The wide assortment of ridiculous characters Tulip and Junior encounter adds to the high humour ratio of Storks. The highlights come courtesy of a pack of wolves, led by an ad-libbing Keegan-Michael Key and Jordan Peele, who are continually overcome by the power of cute. A pigeon, who seems modeled on a certain millionaire in the news lately, is given some of the film’s non-sequeters. The filmmakers mainly use him as a segue to  random gags that maybe under other hands, wouldn’t have worked quite as well. Penguins, always a popular bird in animation, also get a hilarious sequence that recalls the best of Tex Avery. The storyboard artists were clearly having a lot of fun expanding on Stoller’s original screenplay and the animators go all out. Farming the animation out to Sony, the rubbery and fast-paced character movements certainly recall their similarly inspired cartoon work in the Cloudy with a Chance of Meatballs and Hotel Transylvania films. One also sees a lot of Sweetland’s Presto in the physical comedy gags and Junior’s exaggerated expressions.

Thrown into the plot is a boy wishing for the storks to deliver a new brother and trying to grab the attention of his workaholic parents. There are some amusing lines in this subplot and it’s where some of the film’s heart comes from, but one does start to wish Storks would return to the hilarious antics of Junior and Tulip. The story as a whole certainly brings to mind Monsters, Inc. with the factory setting and young child who warms those around her. Even a sequence in which the two leads desperately try to get the baby to laugh is instantly reminiscent of one from the aforementioned Pixar title. However, this is shortly followed by an original sight gag. This is the sort of comedy that keeps throwing jokes every second and most do land, which somewhat makes up for the simple plot.
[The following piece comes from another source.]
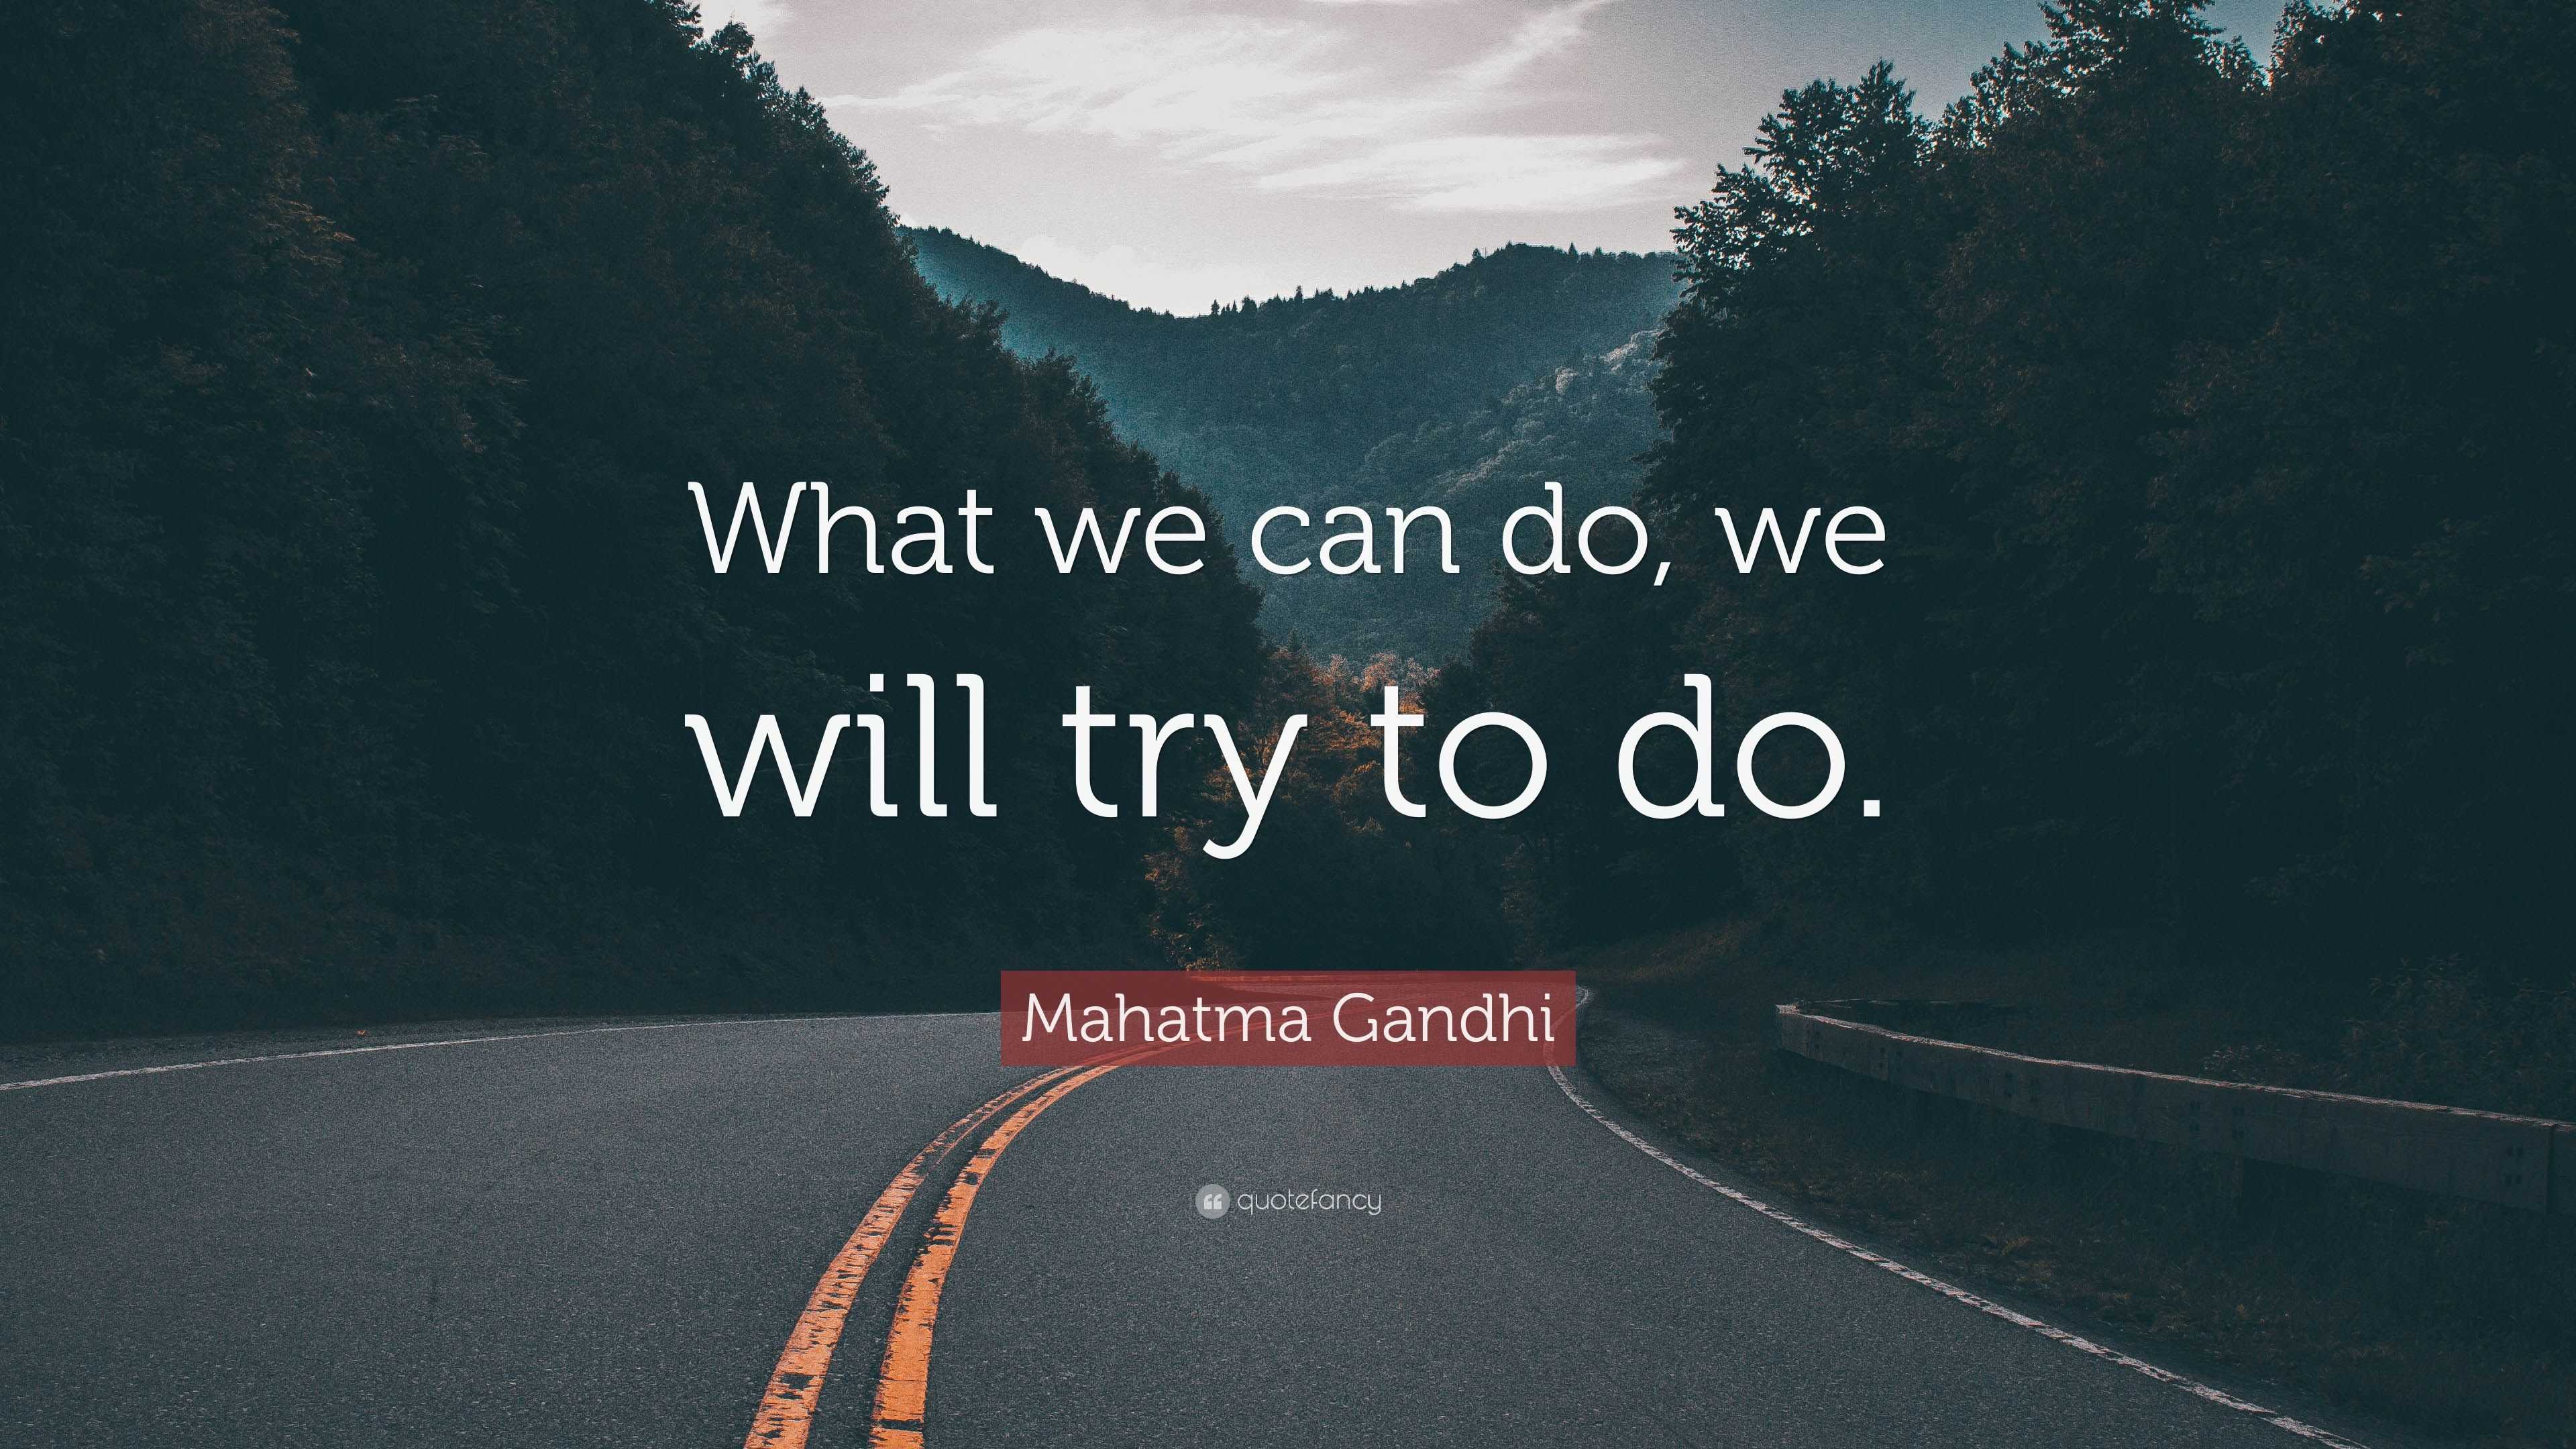 Mahatma Gandhi Quote: “What we can do, we will try to do.”

There may be a temptation to compare this to the Warner Animation Group’s previous film The LEGO Movie (and that film’s directors Phil Lord and Christopher Miller serve as executive producers), but the aspirations of Storks are different. This mostly works, thanks to its laughs and classic cartoon-inspired animation. As an added bonus, the filmmakers even include a nice nod to the many different types of parents out there, beyond the expected mother and father pairing. It is the sort of premise the Termite Terrace crew would have crafted a short out of, but Stoller and Sweetland do a suitable job stretching it to feature length.